Ha! Those are some good interview nerves right there
I have so many derpy stories like that hahaha.
The way this story was starting out, I actually thought it was going to go a bit differently. It sounded JUST like something that happened to me on the interview trail (where the funniest part began with a handshake). I hadn't shared the story here because it didn't fit under "worst interview answers" on my part..... but it definitely fit under worst interview experience! I feel like y'all need to hear the story.
So I was interviewing for an MD/PhD program. The interview started off by asking me about my research, which is classic. I answered her question. She then asked me about a very small portion of the research that was shipped off to another laboratory, and asked a very specific mechanistic question about how they tested my sample. I knew though that I should be prepared to explain things even if I didn't do them myself, so fortunately, I felt like I could answer this question at least to the best of my ability. However, the interviewer just kept repeating the question at me. There was a language barrier between the two of us, so I wasn't sure if that's what was happening, or if perhaps I wasn't giving the answer she was looking for. Eventually she just 'told' me the answer (which was on a more basic level than what I was trying to go for in my answer, so I responded with, "Oh I see, my apologies! Yes, I understand that ____) and I elaborated just a tiny bit to show that I saw my mistake and understood the subject a little. I felt like that was the right approach at the time.
I'm not sure if that is what set her off, but from there on.... the interview was a DISASTER. The interviewer spent the next 15-20 minutes telling me that I personally couldn't understand what was involved in PhD life and that I didn't know how to be a researcher. It was very strange/uncomfortable. I kept my cool, let her just unload and tried to emphasize, maybe once or twice tried to add in a few things like, "Absolutely, I can only imagine how hard it will be and I started to see some of those issues during my 4 years of research at X, but I am hoping I will continue to learn more about the career and how I can improve if I have the opportunity to attend an MD/PhD program," while making sure I didn't come across as knowing it all about this career (because even a few years in, I definitely don't!!).
Eventually, the interviewer sighs and asks if I have any questions for her. I'm thinking,
wow, this interview has been so weirdly negative -- I'll throw her a softball so that we can change things to a more positive tone! So I mention the great research facilities I had seen so far at my visit and ask what she saw as the strengths of the institution and the research. She replies essentially that she hates her job, feels that the school doesn't support her field, etc. Yikes!!
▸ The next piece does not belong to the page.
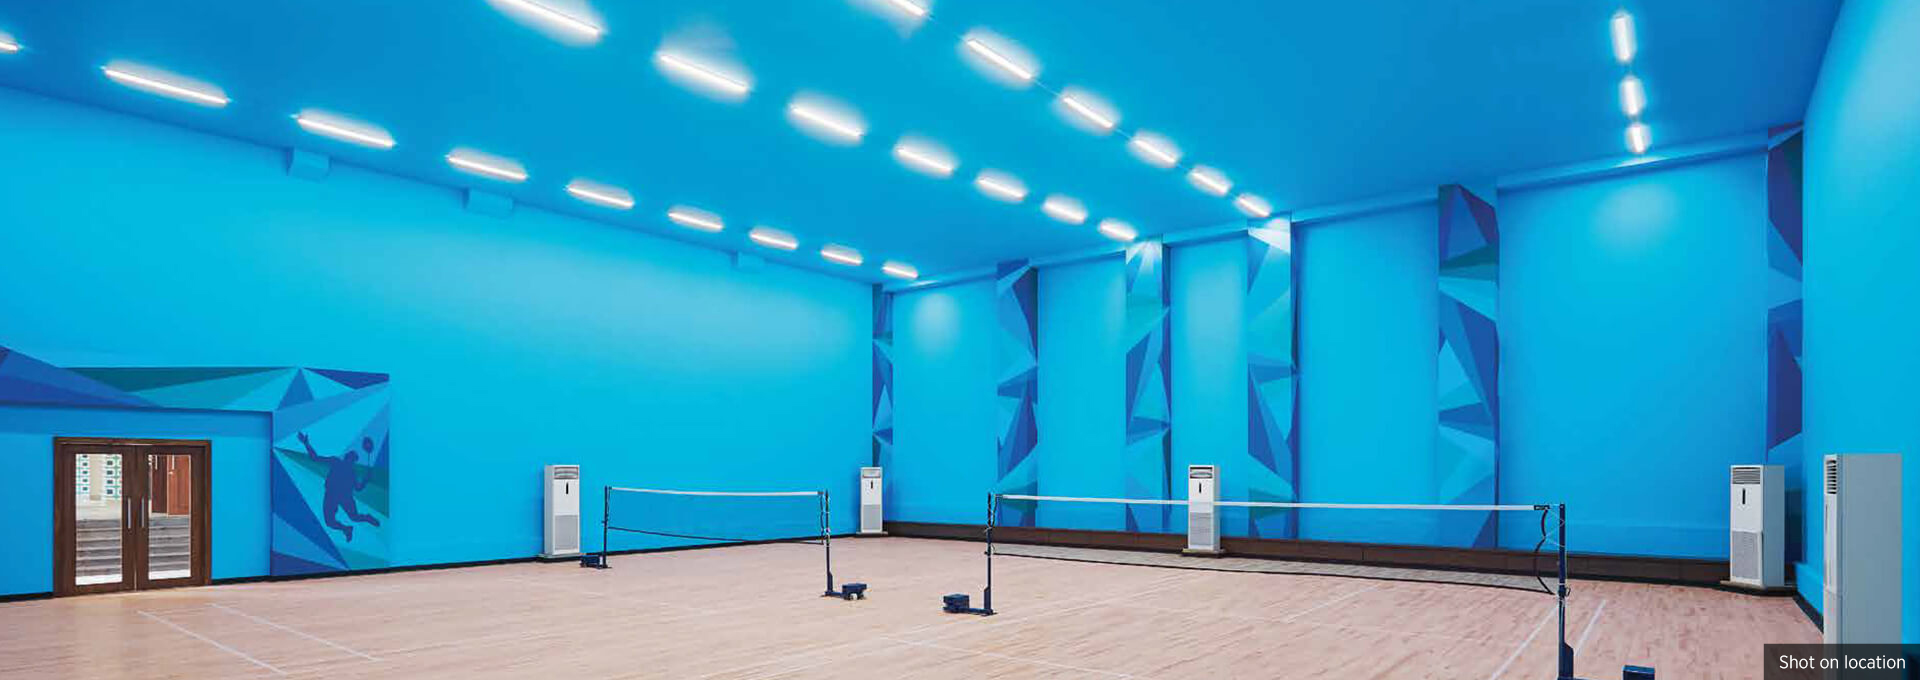 Badminton Courts At The Clubhouse

I kept my composure entirely and just knew I was doing all I could in the situation, so I felt comfortable with how I handled things. Now, here's the part that fits in with your story above......
So finally, there is a knock on the door and the interview is over. I reach my hand out to the interviewer while saying, "Thank you so much, Dr. X.... It was such a pleasure to meet with you and I really appreciate your time."
Her response? "Well, we didn't get to choose who we interviewed."
Never in my life had I basically had an encounter that went, "It was so nice to meet you!" where the other person replied "Well I never wanted to meet you anyway!"